Russie  : la République tchèque soutient le Processus de Minsk et le maintien des sanctions tant qu’il n’aura pas été mis en œuvre. Le président tchèque s’est rendu en Russie du 20 au 24 novembre 2017, et à rebours de la position du gouvernement tchèque, a notamment rappelé son opposition aux sanctions contre la Russie.

Ukraine : la République tchèque défend l’intégrité territoriale de l’Ukraine et lui apporte une aide matérielle via le groupe de Visegrád.

Chine
 : la République tchèque appartient au format de coopération « 16 + 1 » entre la Chine et les pays d’Europe centrale et orientale. La visite à Prague du président chinois en mars 2016 a donné lieu à la signature d’un partenariat stratégique et à des accords économiques. Le Président Zeman s’est rendu en visite officielle en Chine en mai 2017 puis en avril 2019, accompagné d’une délégation d’hommes d’affaires, dans le cadre de Sommets des « Routes de la soie ».

Syrie : la République tchèque maintient des liens diplomatiques avec le régime de Bachar al-Assad et a maintenu son ambassade à Damas.
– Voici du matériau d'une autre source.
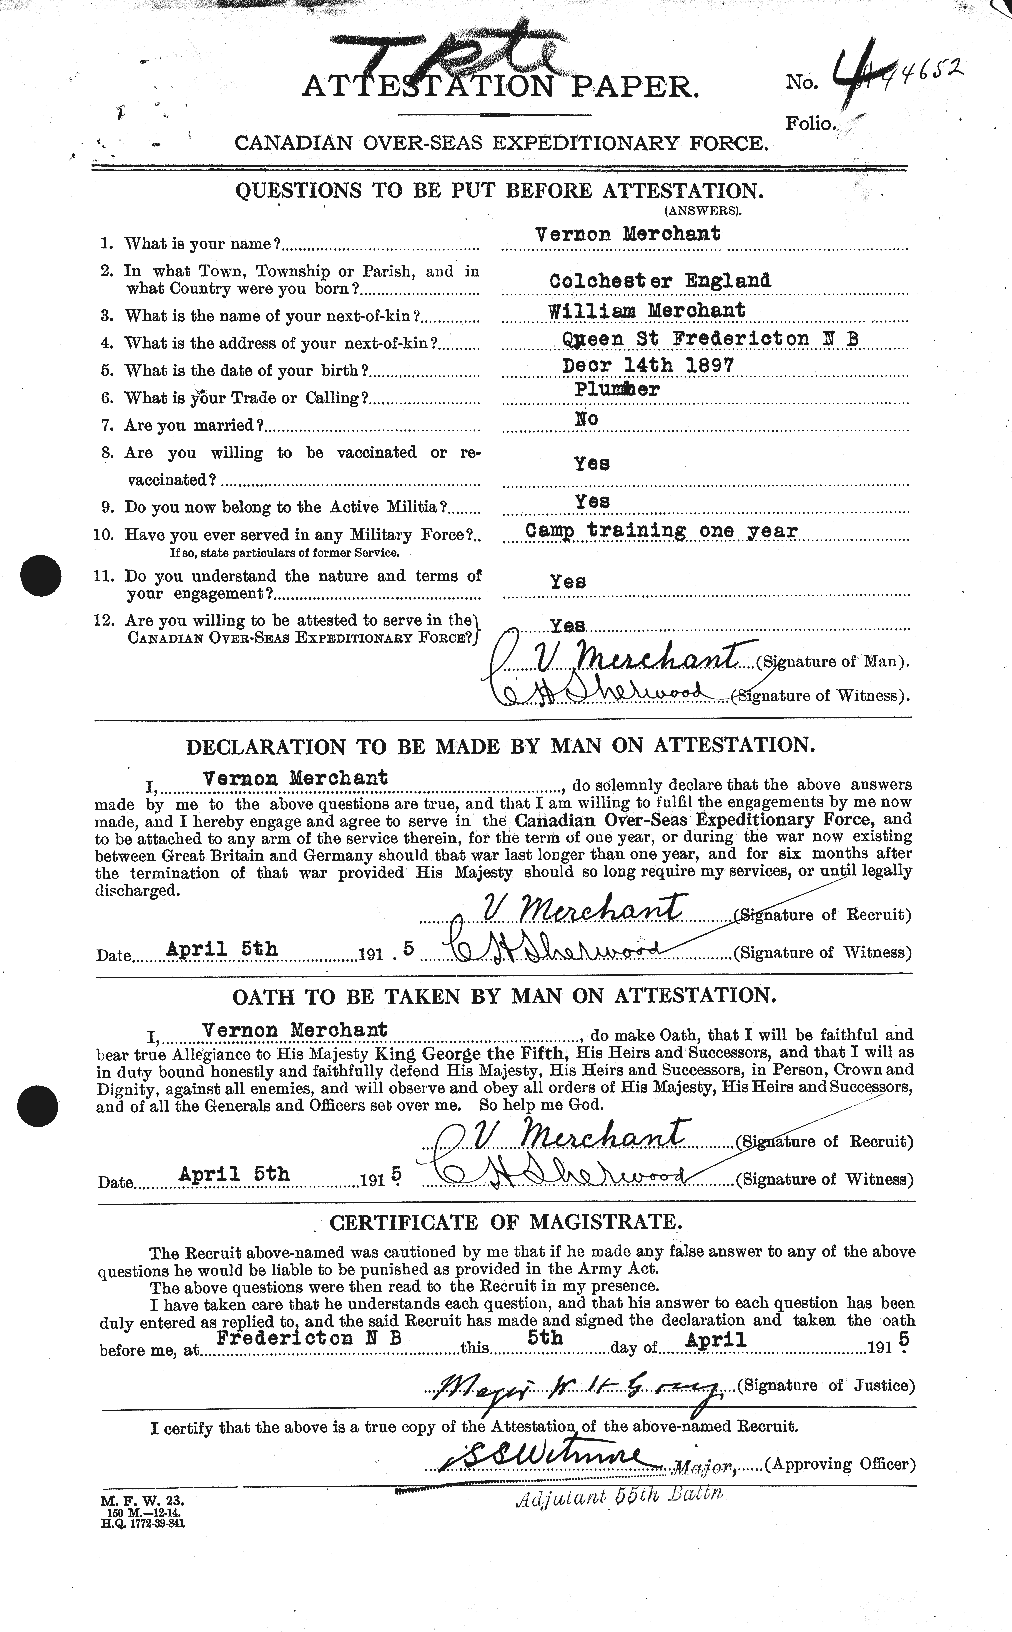 Personnel Records of the First World War - CEF 493432a

Processus de paix au Proche-Orient : la République tchèque, qui a reconnu l’Etat de Palestine en 1988 comme tous les pays de l’ex-bloc de l’Est, fait partie des soutiens les plus fermes d’Israël au sein de l’UE.

Mali
 : la République tchèque envisage d’ouvrir une ambassade à Bamako en 2019, afin d’accompagner les efforts de stabilisation et de sécurisation au Mali, où la République tchèque est déployée dans le cadre de missions de l’Union européenne (EUTM Mali) et des Nations Unies (MINUSMA).